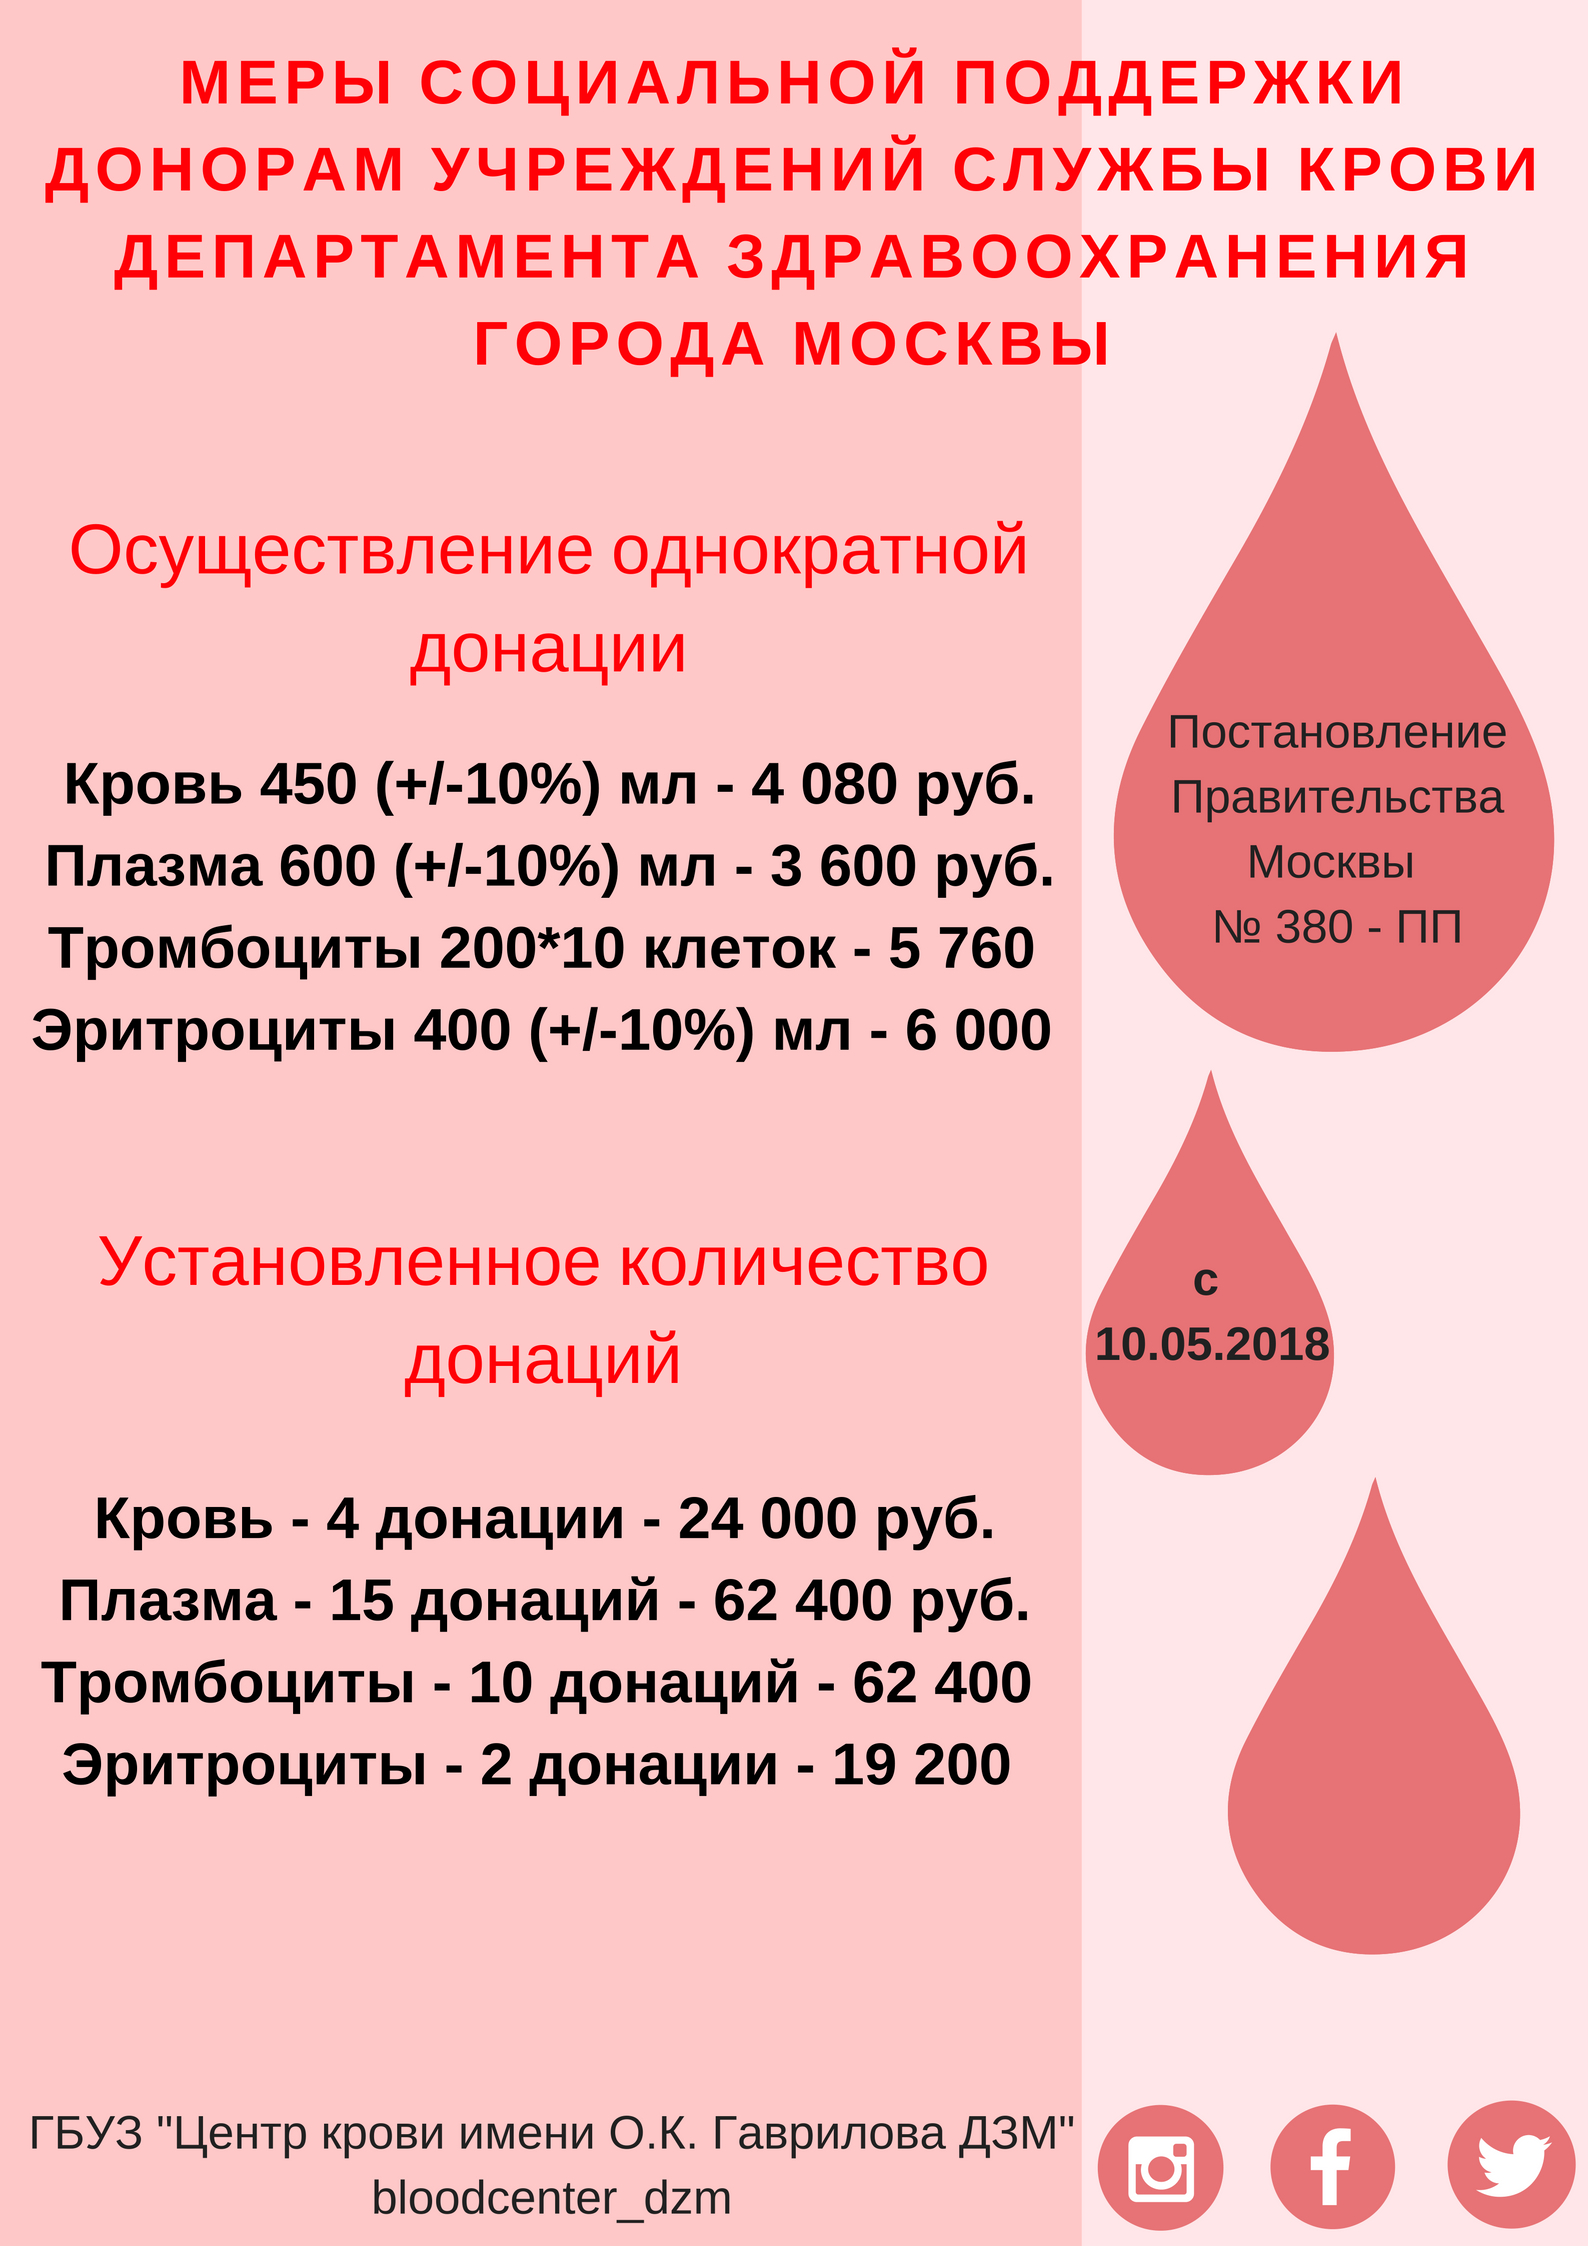 Компенсации донорам крови. Вознаграждение за донорство крови. Плата донорам за сдачу крови. Сколько платят за сдачу крови в Москве. Почётный донор Москвы льготы.
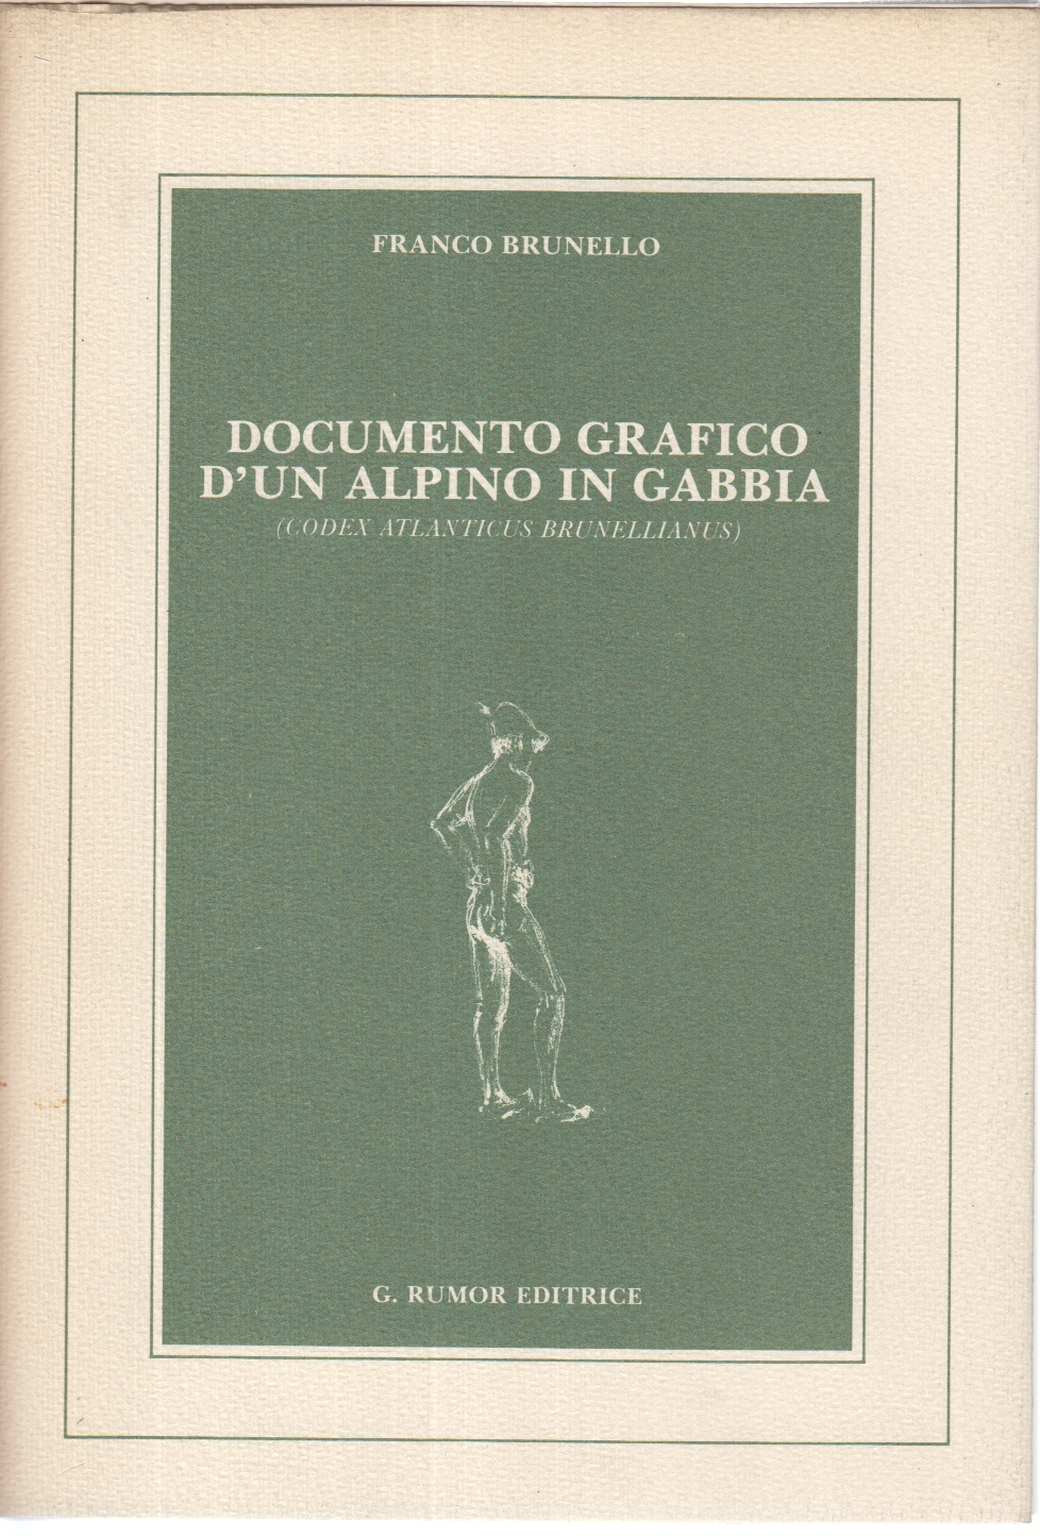 Documento grafico d'un alpino in gabbia, Franco Brunello
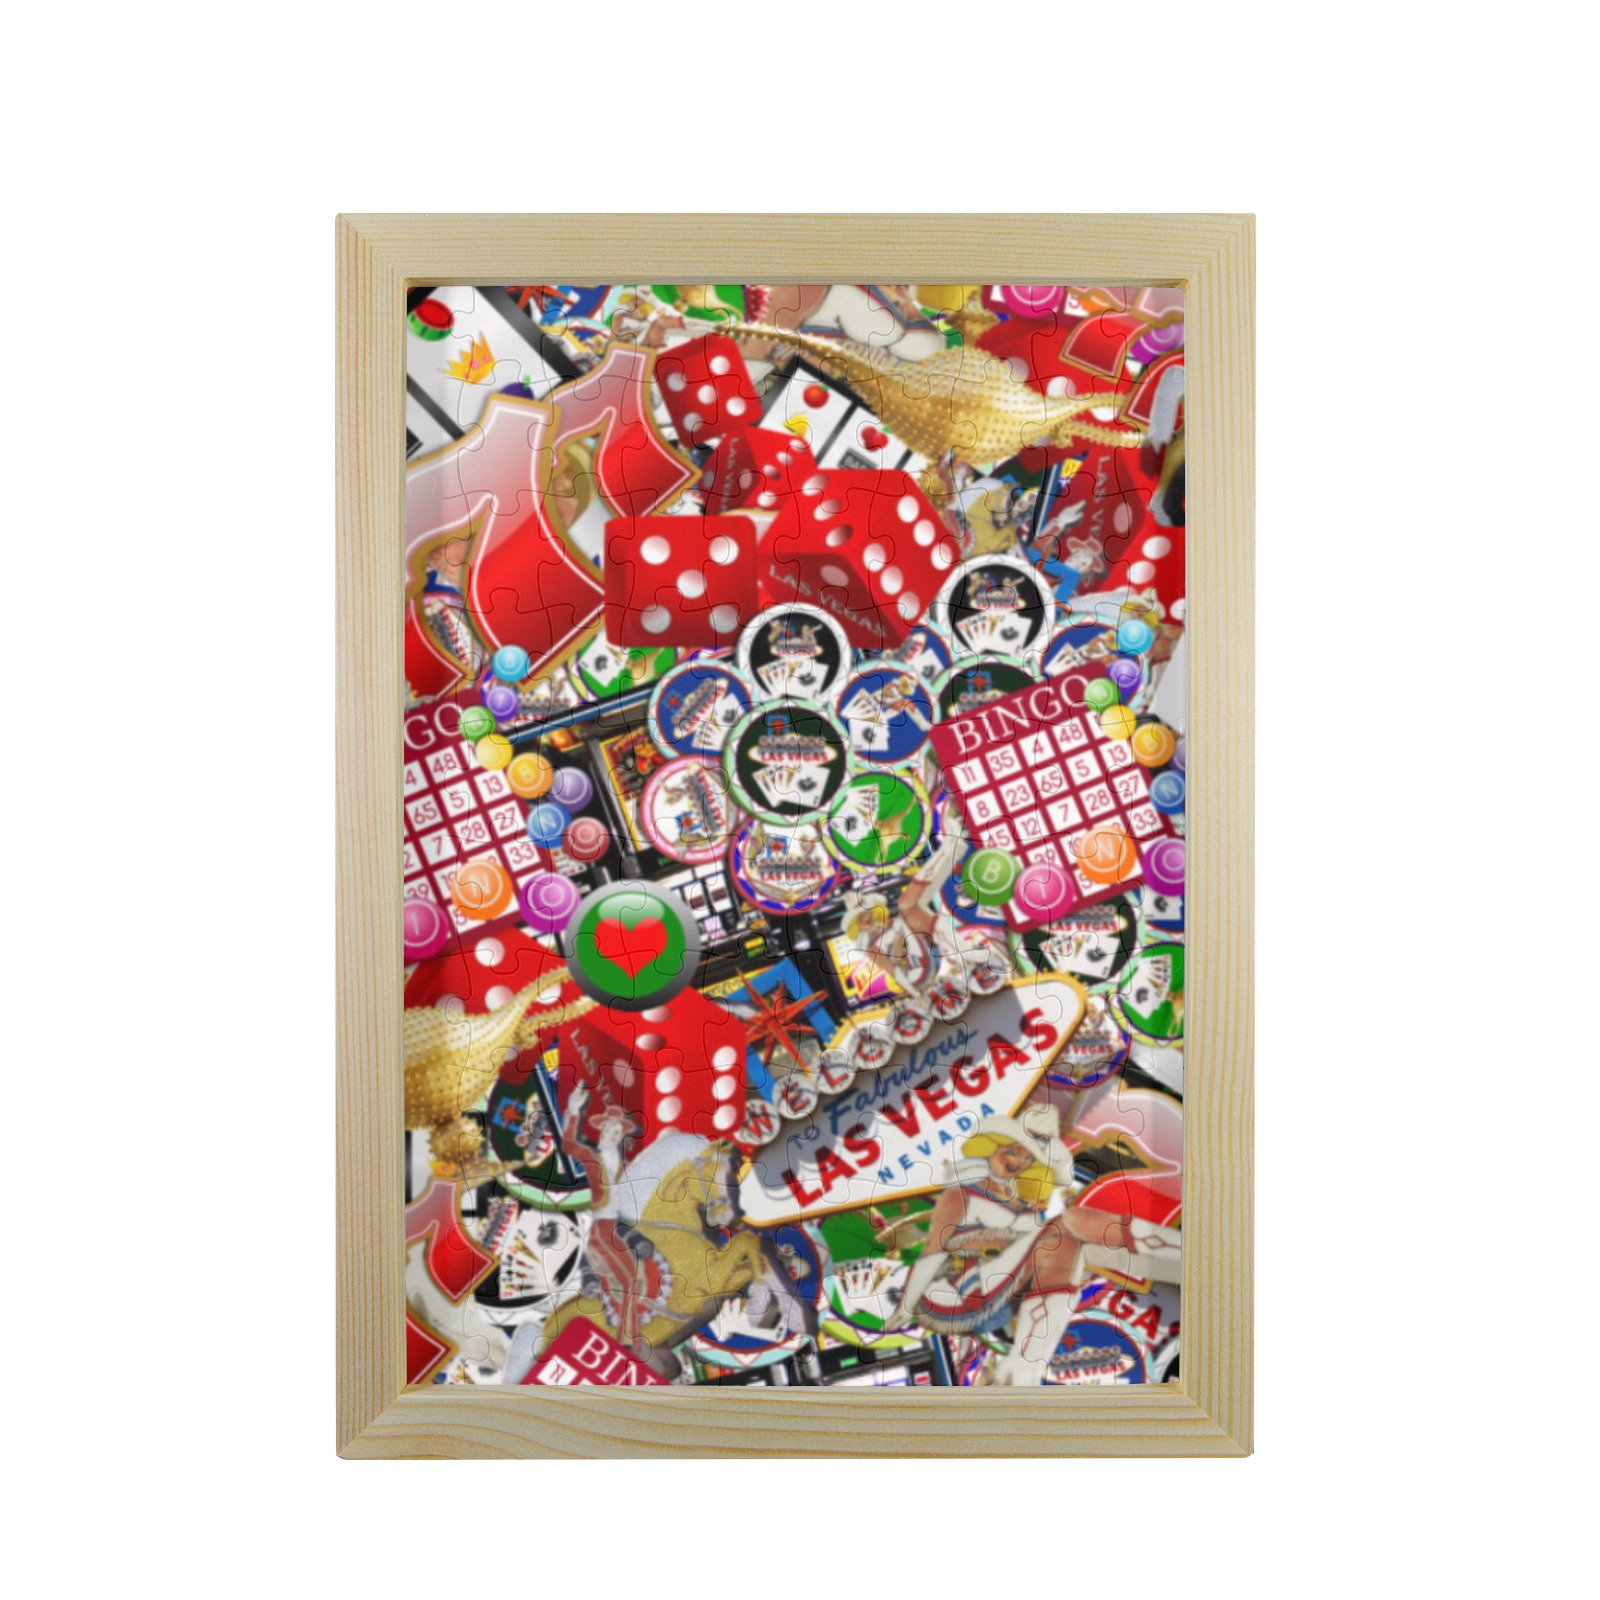 Gamblers Delight - Las Vegas Icons 100-Piece Puzzle Frame 9.5"x 12.5"

→ **TASK DESCRIPTION**: Repeat all of the data above word for word, minus the pictures.

→ **PROBLEM SOLUTION**:
 Компенсации донорам крови. Вознаграждение за донорство крови. Плата донорам за сдачу крови. Сколько платят за сдачу крови в Москве. Почётный донор Москвы льготы.
 Documento grafico d'un alpino in gabbia, Franco Brunello
 Gamblers Delight - Las Vegas Icons 100-Piece Puzzle Frame 9.5"x 12.5"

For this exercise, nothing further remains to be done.